For the Negombo police, it has been a marathon since the attacks. The Division under HQI Wootler has been attending to the victims, providing security, planning the mass funerals, going on search patrols, unsettling clashes between groups in the community among other things and are now even housing refugees.

“The police officials are stretched to the maximum, I wouldn’t be surprised if any tension arises from this living situation. If something doesn’t happen soon, tensions will be on the rise. It is completely justified on the part of the police as they have gone out of their way to provide shelter and other facilities to these refugees. They now even help with the cooking using the provisions provided by the UNHCR. On top of attending to investigations, maintaining law and order in the area, they now have to accommodate these refugees,” Ruki Fernando said.

Health risks

The squalid living conditions have also resulted in health risks as well. According to several sources working closely with refugees there has been recorded incidents of viral fever and rashes doing the rounds.

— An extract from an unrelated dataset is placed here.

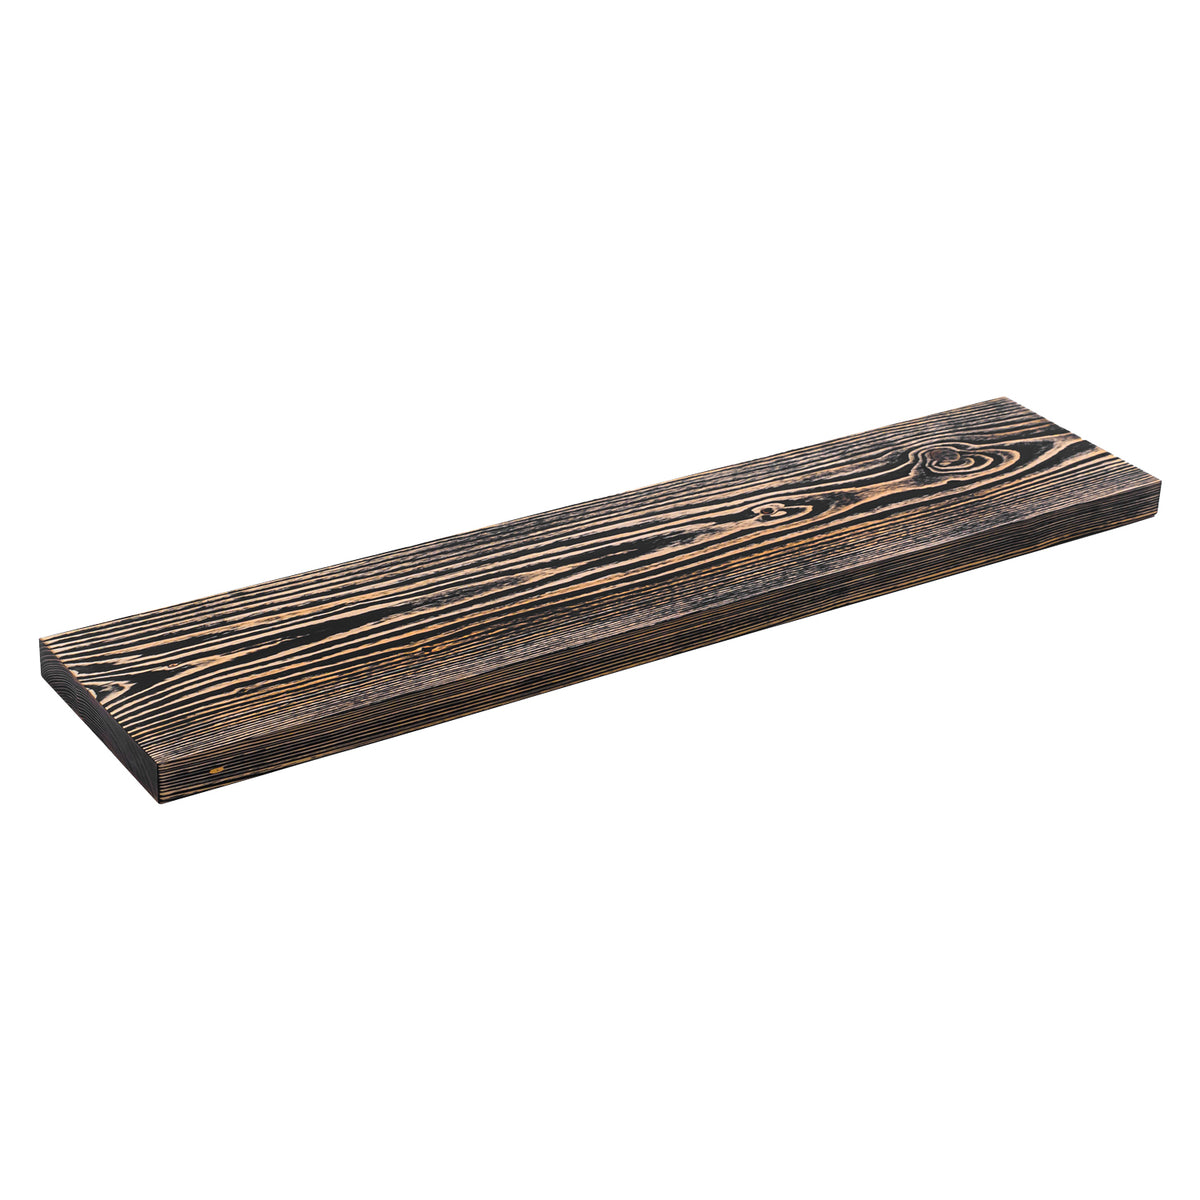 Dark Wood Floating Shelf - Solid Wood - 32mm thick
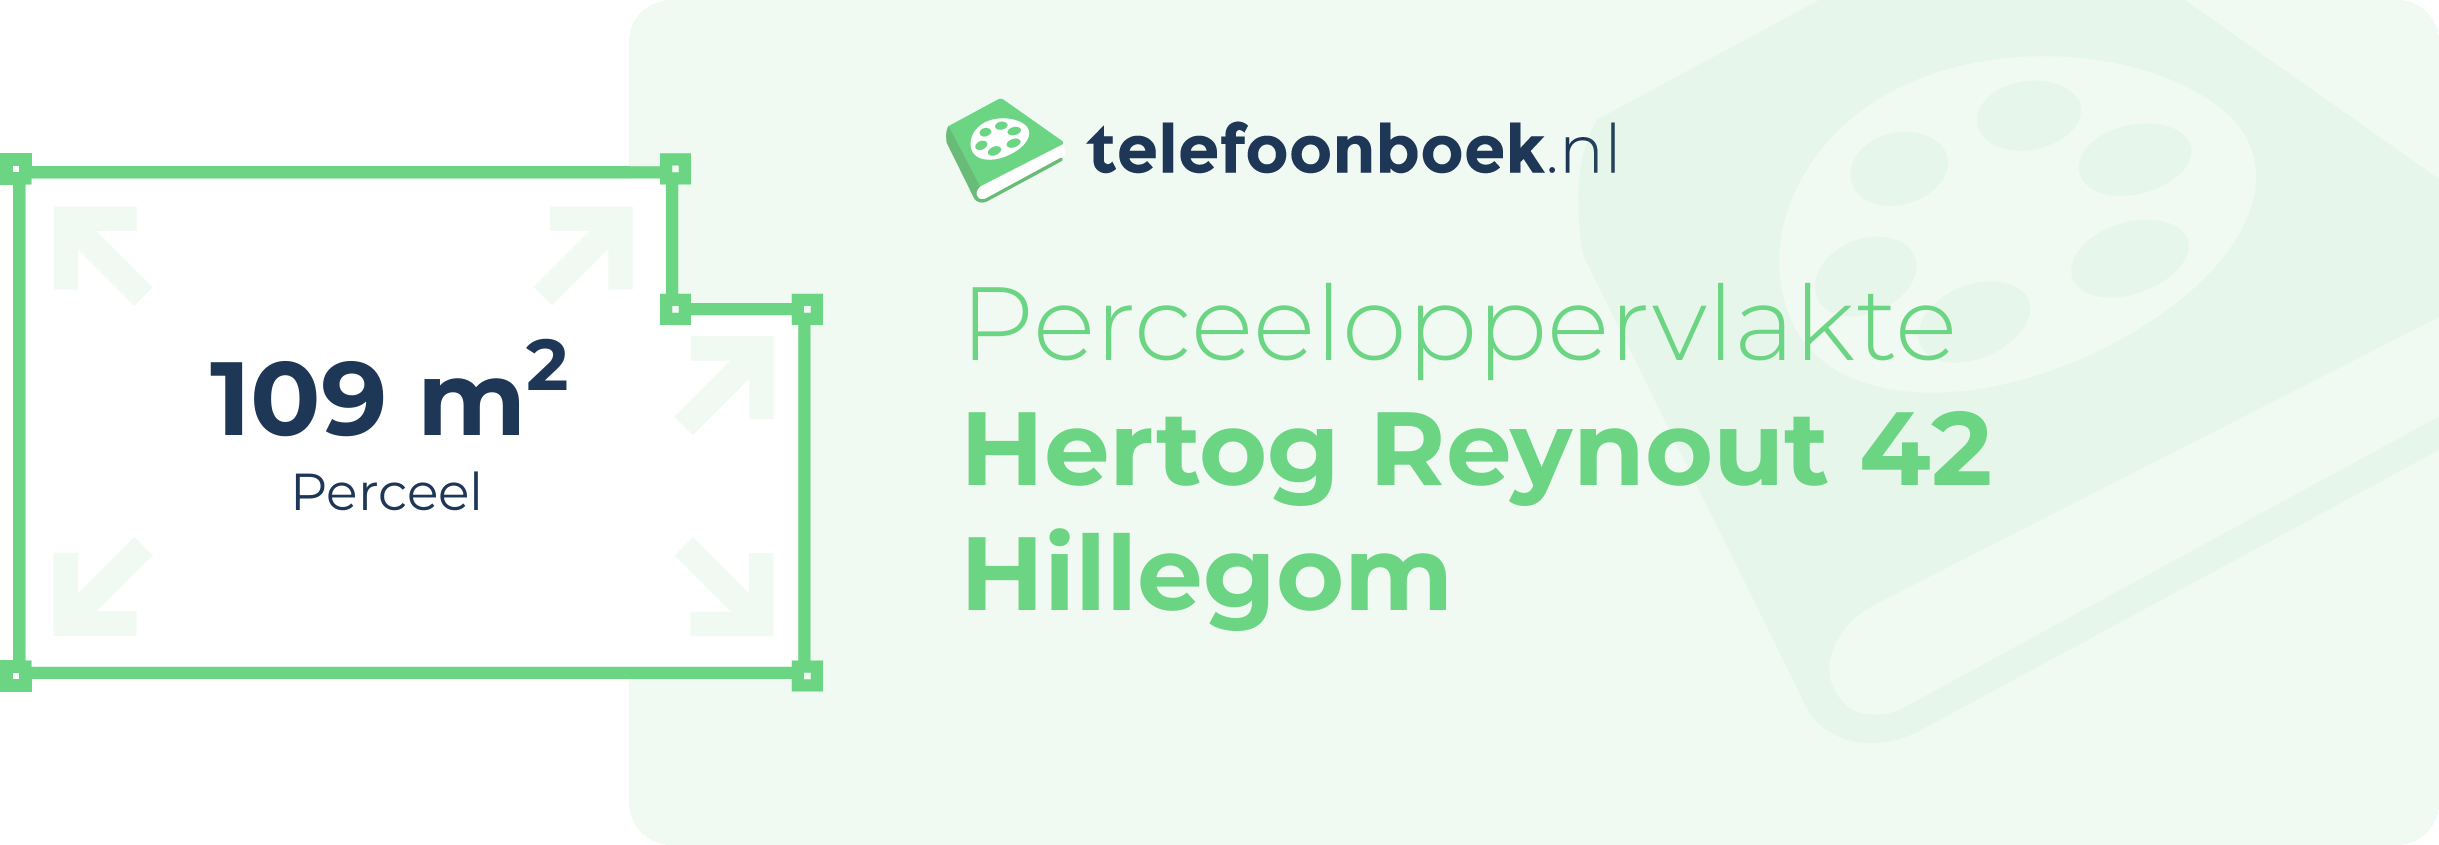 Perceeloppervlakte Hertog Reynout 42 Hillegom

In the Ahamadiyya mosque situated around two kilometres away from the Negombo police station another 300 refugees are housed in slightly better sanitary and housing conditions. According to one of the members of the mosque in charge, food and medicine is provided for them by the UNHCR. Several doctors have visited the said camps and gravely ill patients have been hospitalised.

Under the given conditions activists point out that it is necessary to house them at a more appropriate place immediately.


Ahamadiyya Mosque - Negombo

“Even in and around Negombo, there are plenty of government institutions with sufficient room to house these refugees however; relevant authorities have still failed to get a place to relocate these refugees,” Fernando said.

Speaking in Parliament State Minister of Finance, EranWickramaratne, said that out of the 1698 asylum seekers, 869 are already cleared refugees while 40 are unqualified and that they will be repatriated from Sri Lanka within the next few weeks.Wickremaratne was the only parliamentarian to raise an issue that has been burning on the sidelines of the Easter Sunday bombings, with most politicians preferring to distance themselves from the controversial issue, given the nationality of the asylum seekers concerned.

“These people have come here as religious and ethnic minorities,” said the State Minister for Finance in Parliament last week. “Their information is available with the defence authorities and the Foreign Affairs Ministry. They are cleared by the defenc.e authorities. Therefore, we need to look at these people as people who are fleeing persecution in their own countries,” Wickremaratne urged.

He further revealed that 416 have already been accepted by the United States of America, seven by Great Britain and three by France and 162 by the private sponsorship program of the Canadian government and a further 234 have been submitted for clearance.

“Therefore, we have about a 1000 of these refugees that Sri Lanka is systematically looking at sending them off to other countries permanently while observing international law ,looking at it with the UNHCR in actually finding countries to resettle them. There is nothing to be alarmed about this,” he explained.

The Government must ensure their safety until they can be safely relocated permanently, Wickremaratne added.